**TASK DETAILS:**
Beginning with the line that includes "Mona B Purse" and ending with the last line of the entries below, set down each line exactly; include no pictures.

#####

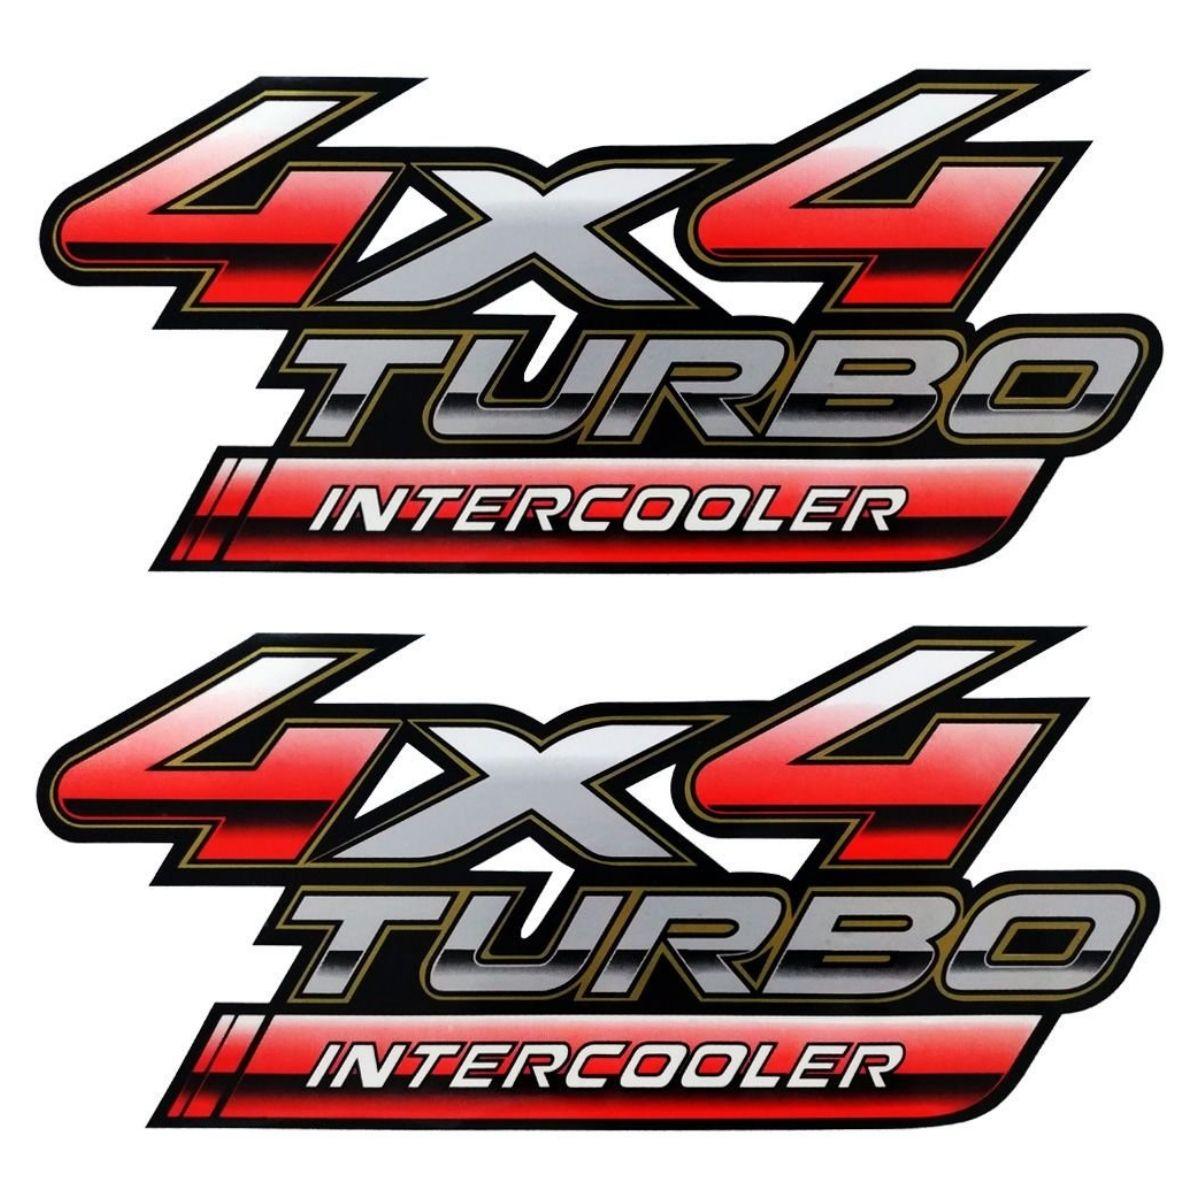 Adesivo Toyota Hilux 4x4 Intercooler Turbo 2009/2012 Par
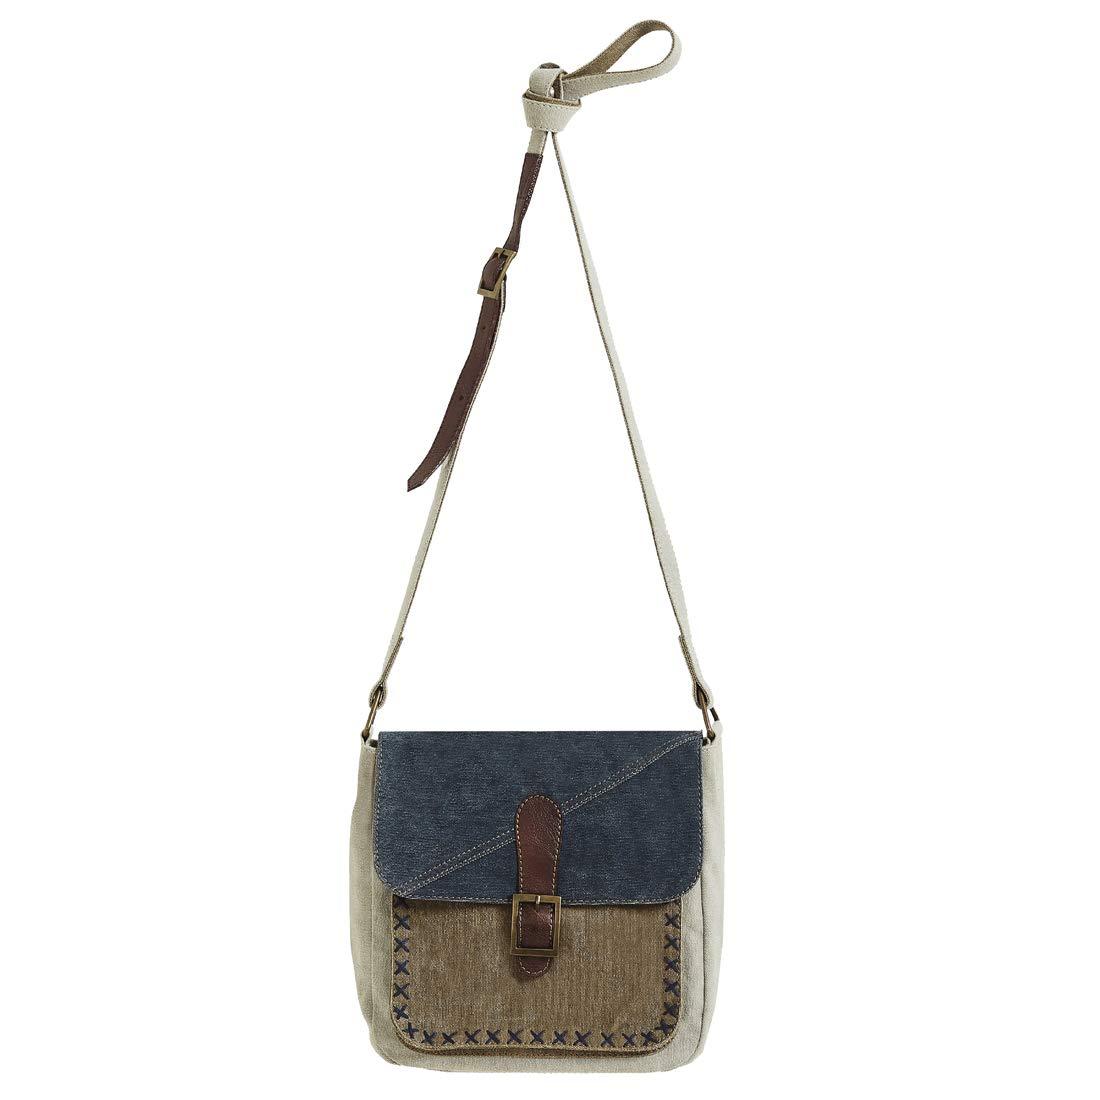 Mona B Purse Women's Upcycled Canvas Luna Crossbody Shoulder Bag
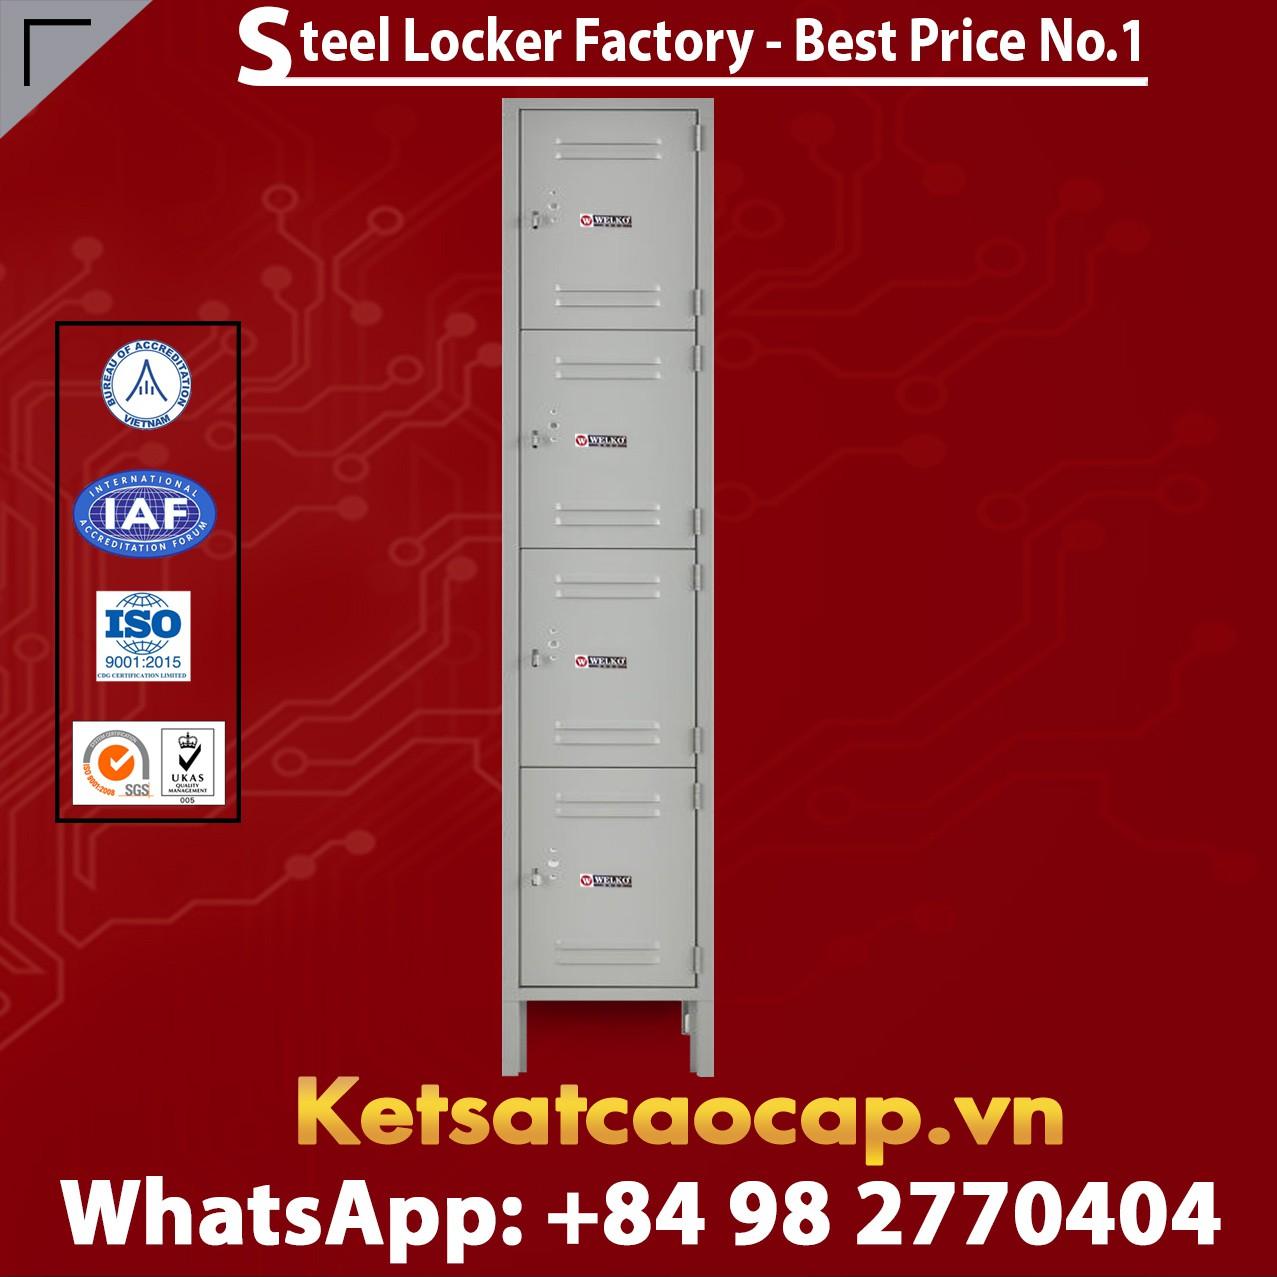 Steel Locker 4 Tier 12 x 15 x 18 4 Door Ready To Assemble Gray
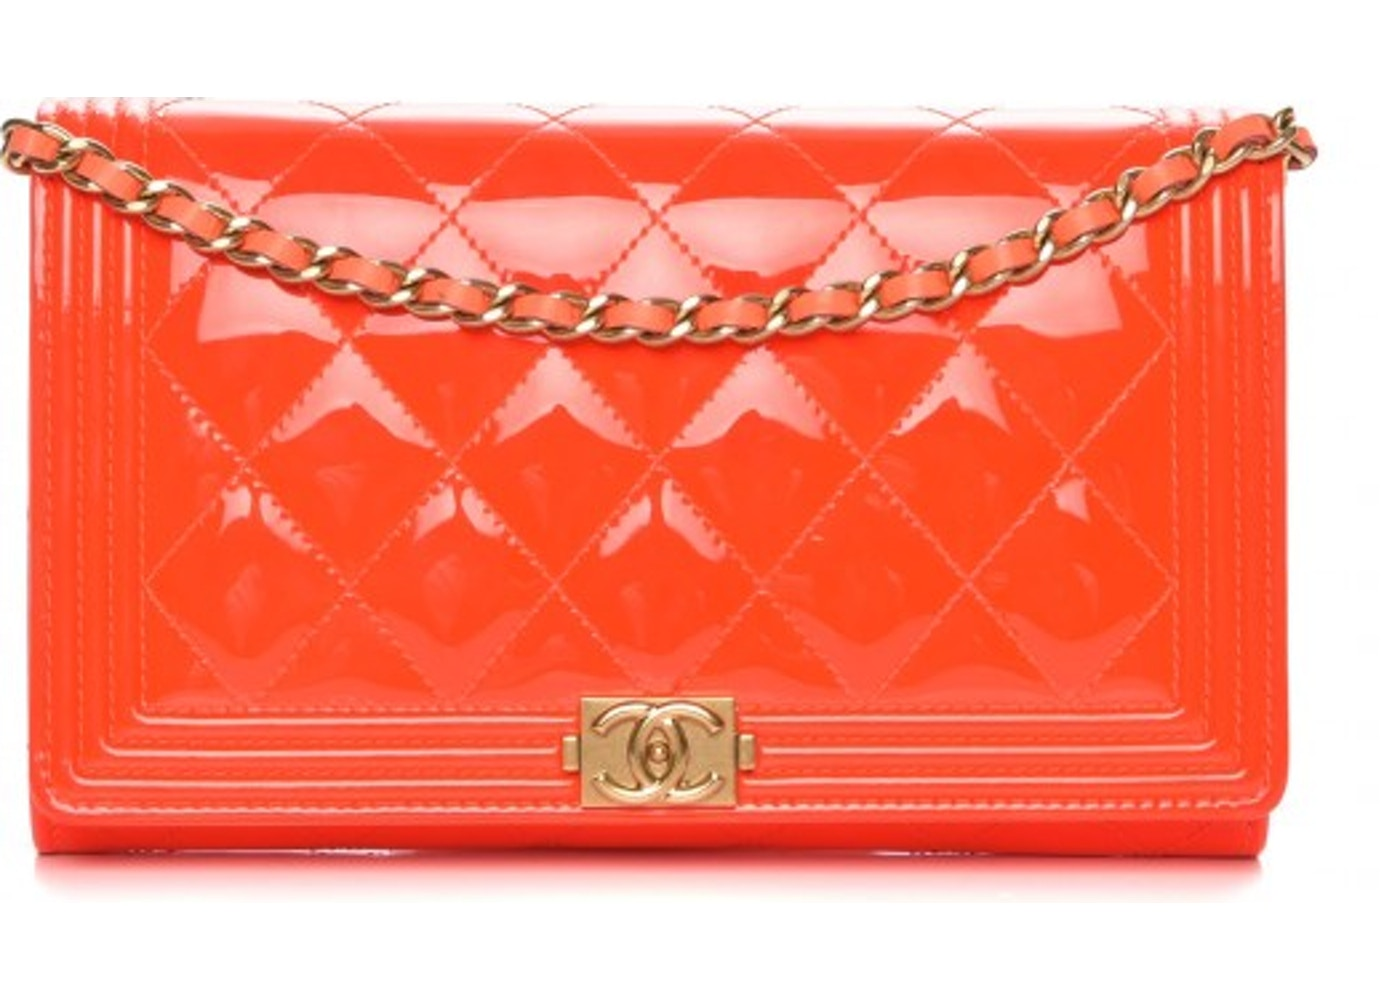 a30f203bc3fa2 Buy   Sell Chanel WOC Handbags
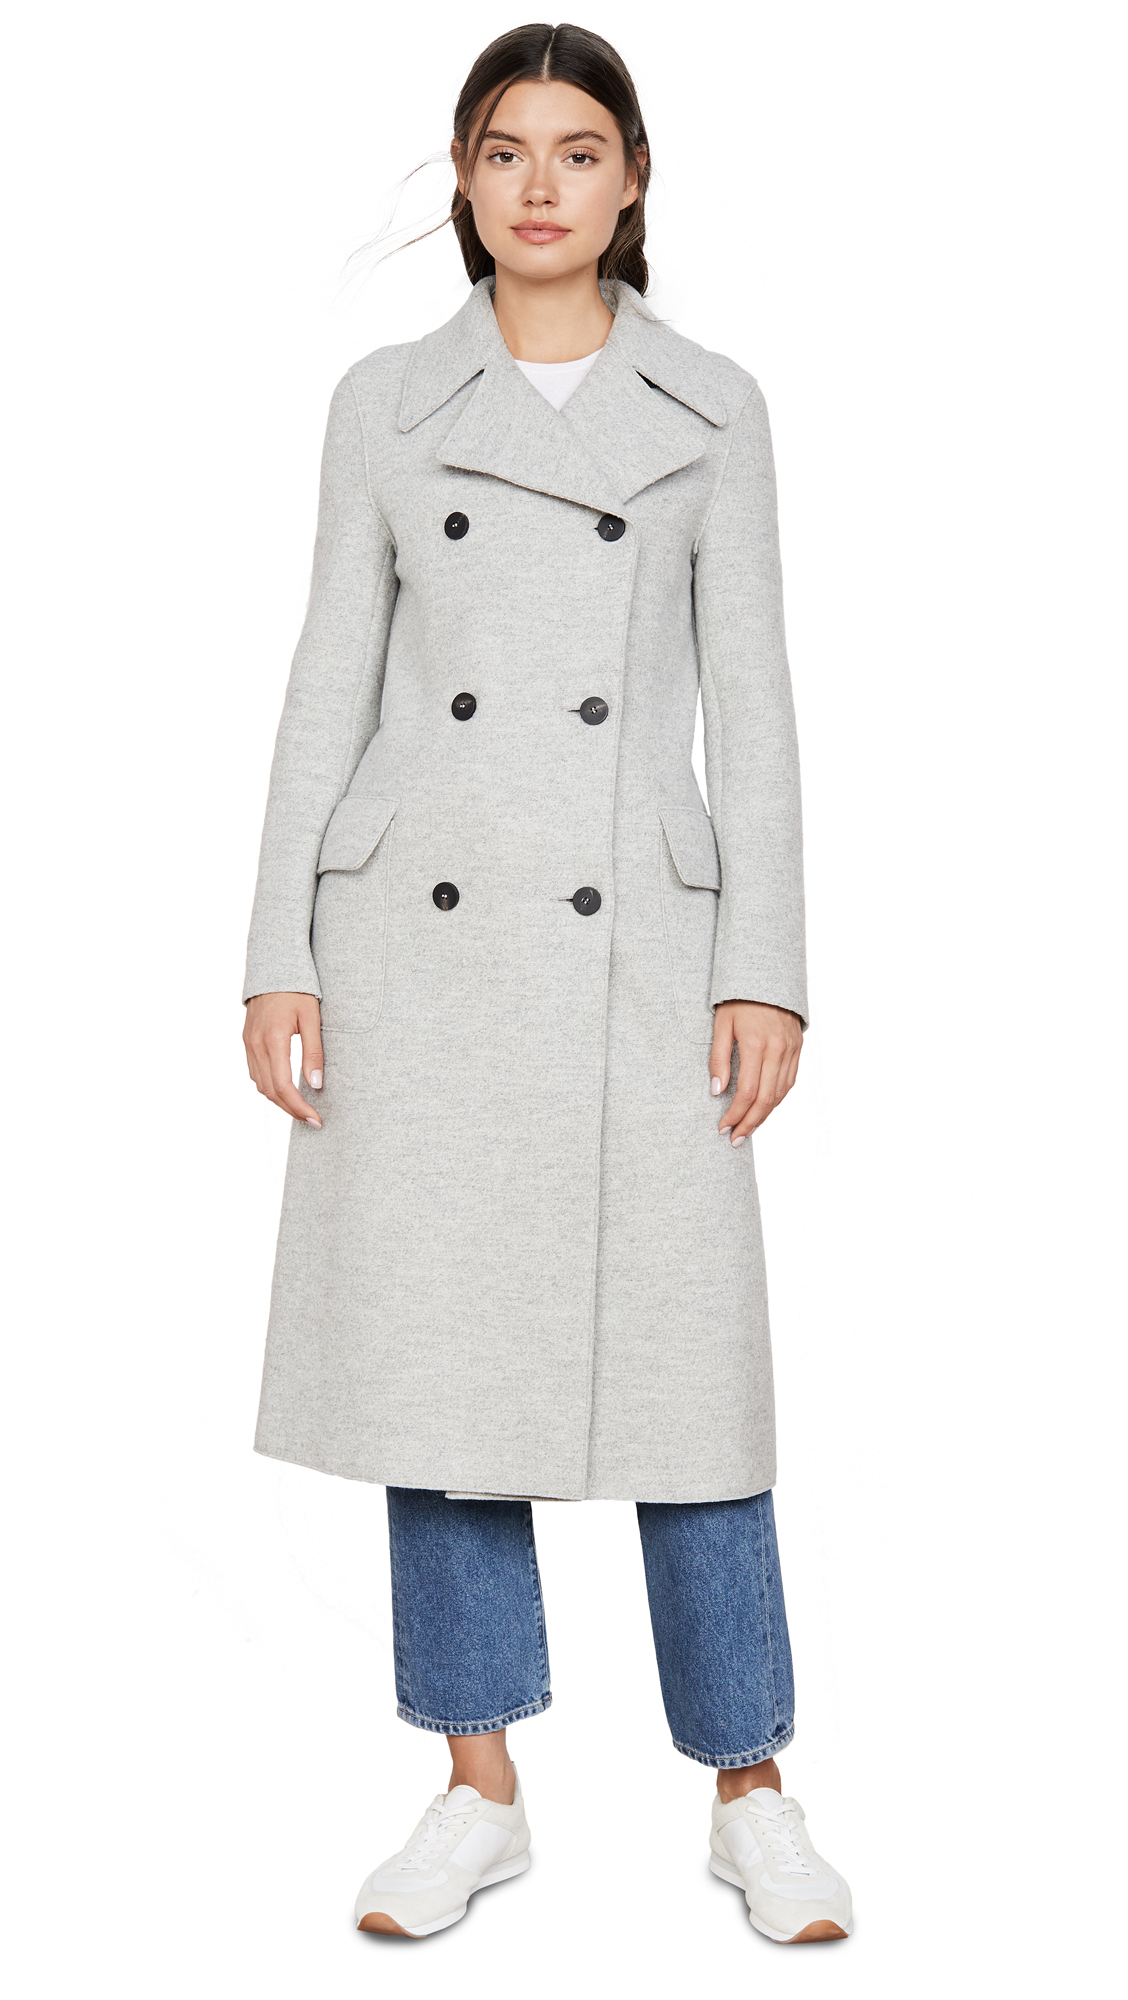 Buy Harris Wharf London Double Breasted Military Coat online beautiful Harris Wharf London Clothing, Jackets

#####

**ANSWER TO THIS EXERCISE:**
 Mona B Purse Women's Upcycled Canvas Luna Crossbody Shoulder Bag
 Steel Locker 4 Tier 12 x 15 x 18 4 Door Ready To Assemble Gray
 a30f203bc3fa2 Buy   Sell Chanel WOC Handbags
 Buy Harris Wharf London Double Breasted Military Coat online beautiful Harris Wharf London Clothing, Jackets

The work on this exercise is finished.